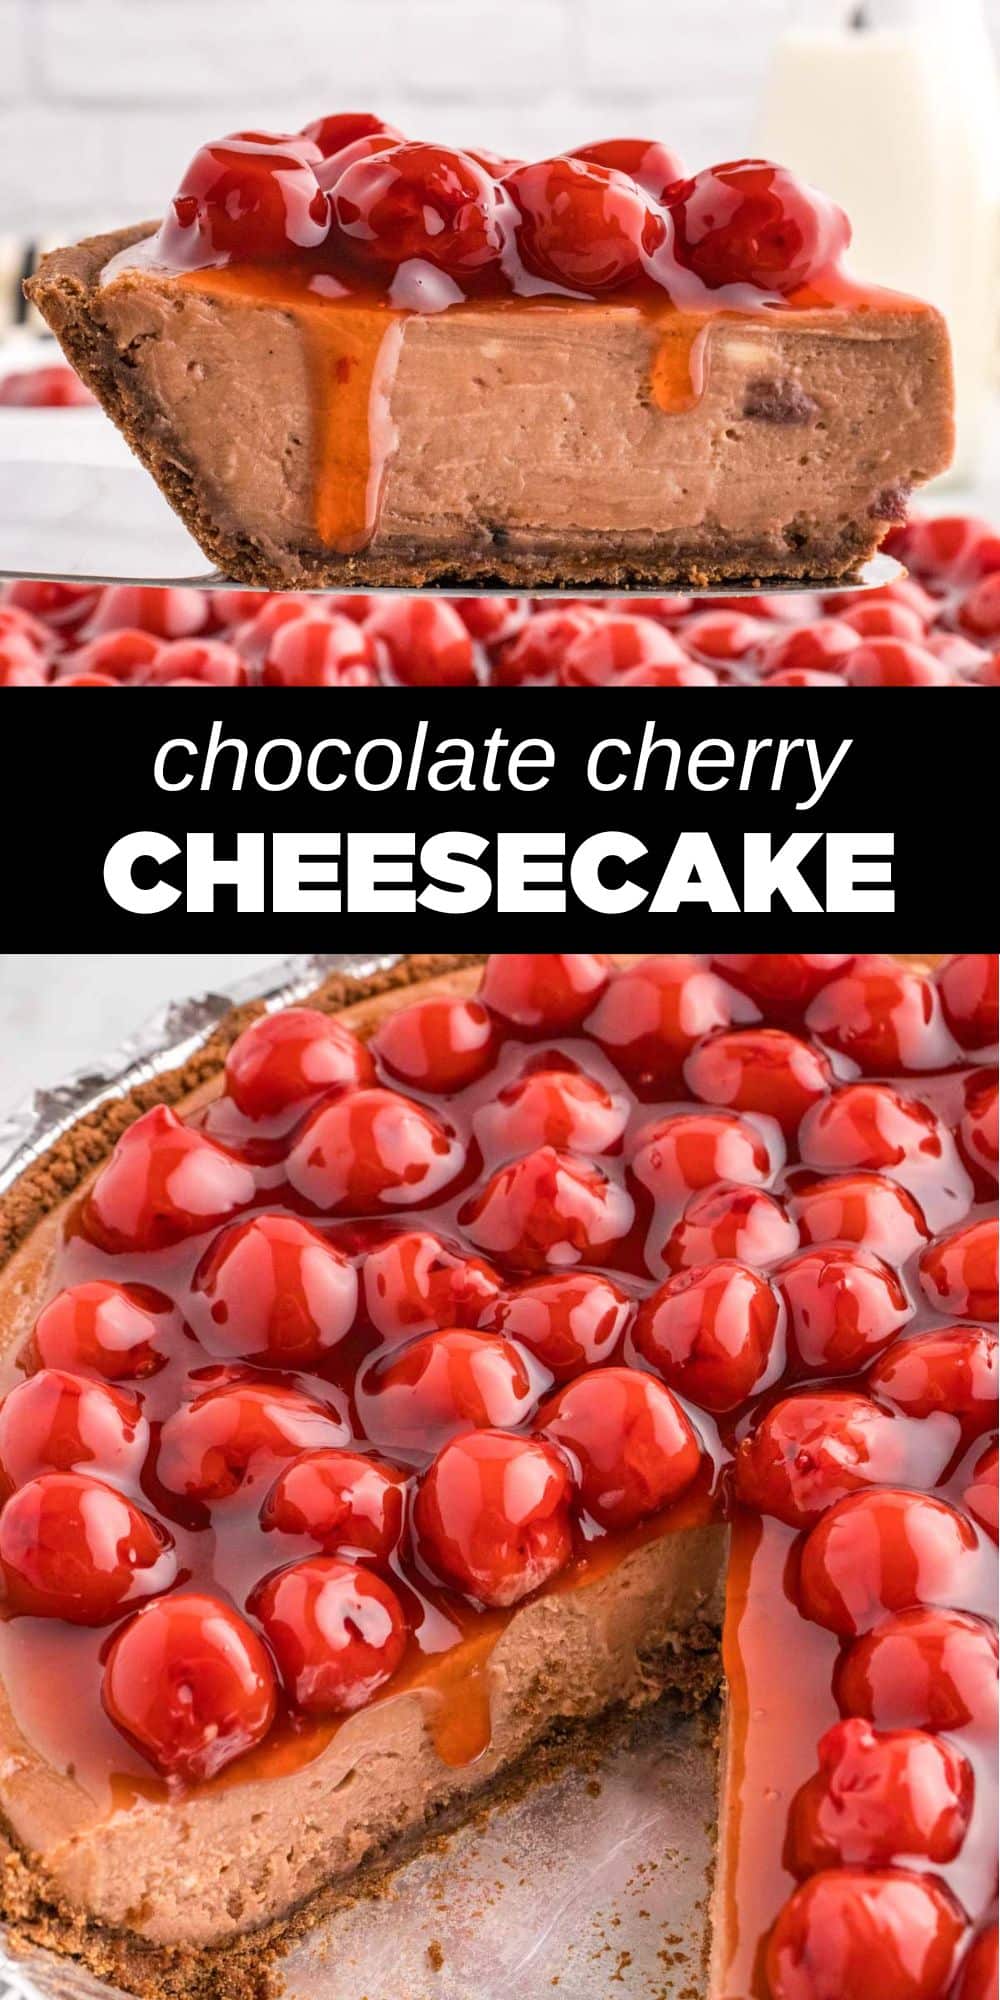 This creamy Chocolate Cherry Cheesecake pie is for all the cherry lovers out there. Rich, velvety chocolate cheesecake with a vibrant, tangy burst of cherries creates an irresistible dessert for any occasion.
* * * * * * *
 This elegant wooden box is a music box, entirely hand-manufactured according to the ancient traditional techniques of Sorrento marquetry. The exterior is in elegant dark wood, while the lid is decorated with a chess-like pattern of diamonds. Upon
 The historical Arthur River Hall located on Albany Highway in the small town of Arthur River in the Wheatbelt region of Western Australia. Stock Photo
* * * * * * *
▸ Exercise prompt
Looking back over the data above, restate word for word the lines that begin at the line with "This elegant wooden" and end at the line with "The historical Arthur", inclusive.

▸ Output
 This elegant wooden box is a music box, entirely hand-manufactured according to the ancient traditional techniques of Sorrento marquetry. The exterior is in elegant dark wood, while the lid is decorated with a chess-like pattern of diamonds. Upon
 The historical Arthur River Hall located on Albany Highway in the small town of Arthur River in the Wheatbelt region of Western Australia. Stock Photo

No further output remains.